Circular RNA circGPRC5A(e2) facilitates gastric cancer progression and metastasis via modulating miR‐665/LASP1 and activating PI3K/AKT pathway

Abstract

AbstractGastric cancer (GC) is one of the most commonly diagnosed malignancies worldwide. Compelling evidence indicates that circular RNA (circRNA) played critical roles in multiple cancers. However, the role and mechanisms of circRNAs in GC remains unclear. Here we first identified a notably overexpressed circular RNA hsa_circ_0025506 in GC by human circRNA microarray, designated as circGPRC5A(e2).
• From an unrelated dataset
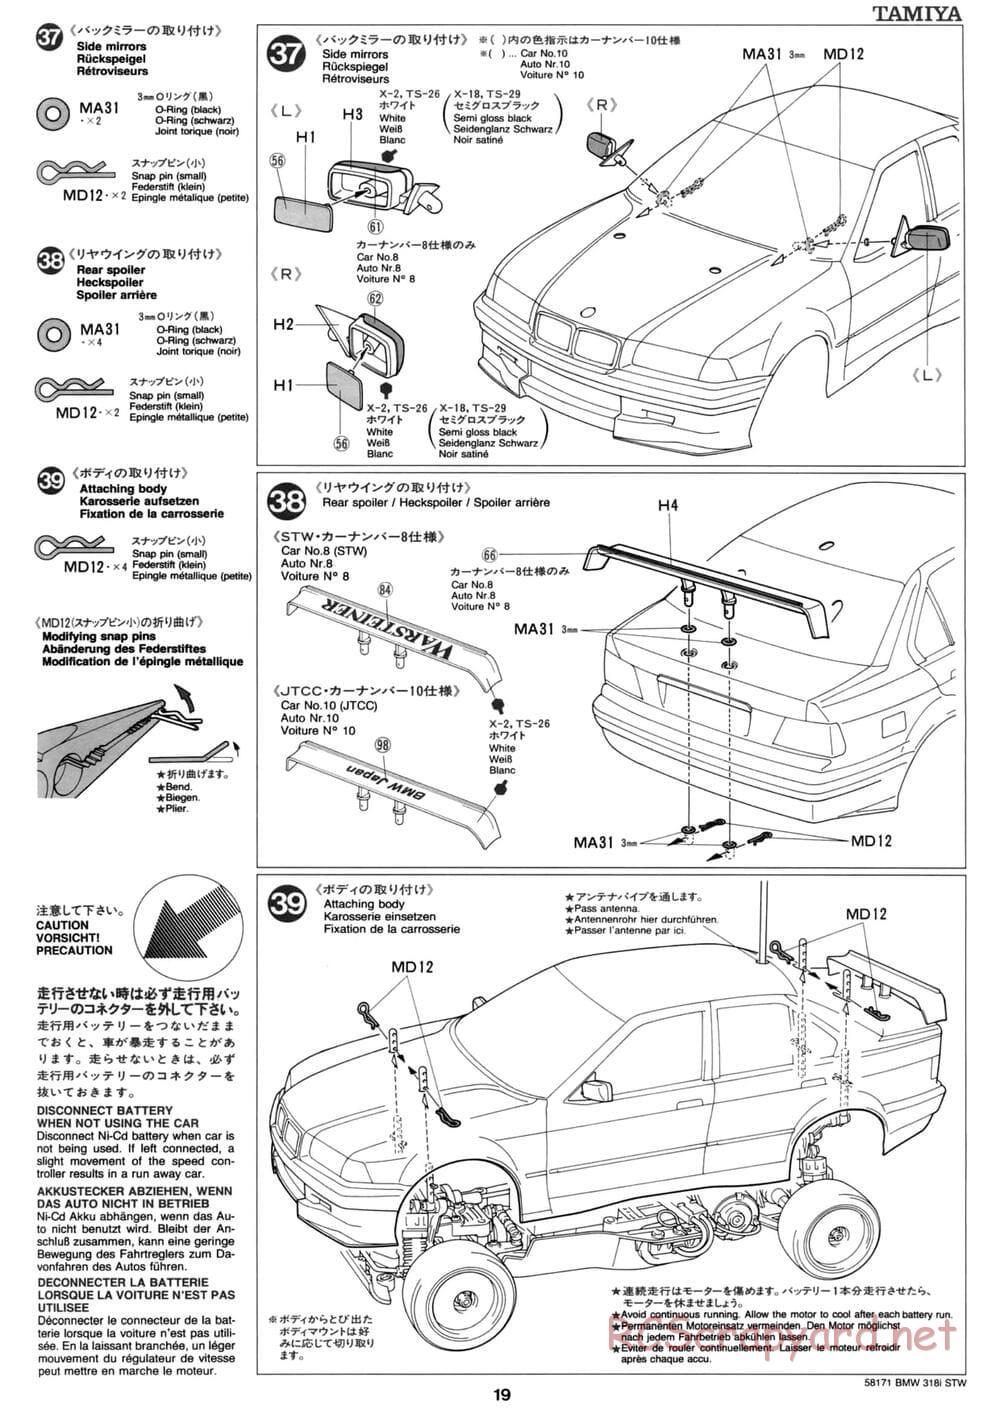 Tamiya - BMW 318i STW - TA-02 Chassis - Manual - Page 19

Next, we found circGPRC5A(e2) was overexpressed in GC cell lines and clinical samples as well. Then, we confirmed that circGPRC5A(e2) was primarily located in the cytoplasm of GC cells and colocation phenomenon was observed with miR‐665 via fluorescence in situ hybridization. Functionally, Cell Counting Kit‐8, 5‐Ethynyl‐2′‐deoxyuridine, clone formation assay, Transwell invasion assay, wound‐healing assay, and animal experiments showed that circGPRC5A(e2) promoted GC proliferation, migration, and invasion in vitro, and tumorigenesis and metastasis in vivo. Mechanistically, we showed that circGPRC5A(e2) could serve as miR‐665 sponges and facilitate GC growth and metastasis via modulating miR‐665/LIM and SH3 protein 1 (LASP1) axis and activating phosphatidylinositol 3‐kinase/AKT pathway. Taken together, this study revealed that circGPRC5A(e2) functioned as an oncogene in GC. The circGPRC5A(e2)/miR‐665/LASP1 axis revealed by current research might provide novel biomarkers and promising therapeutic targets for GC.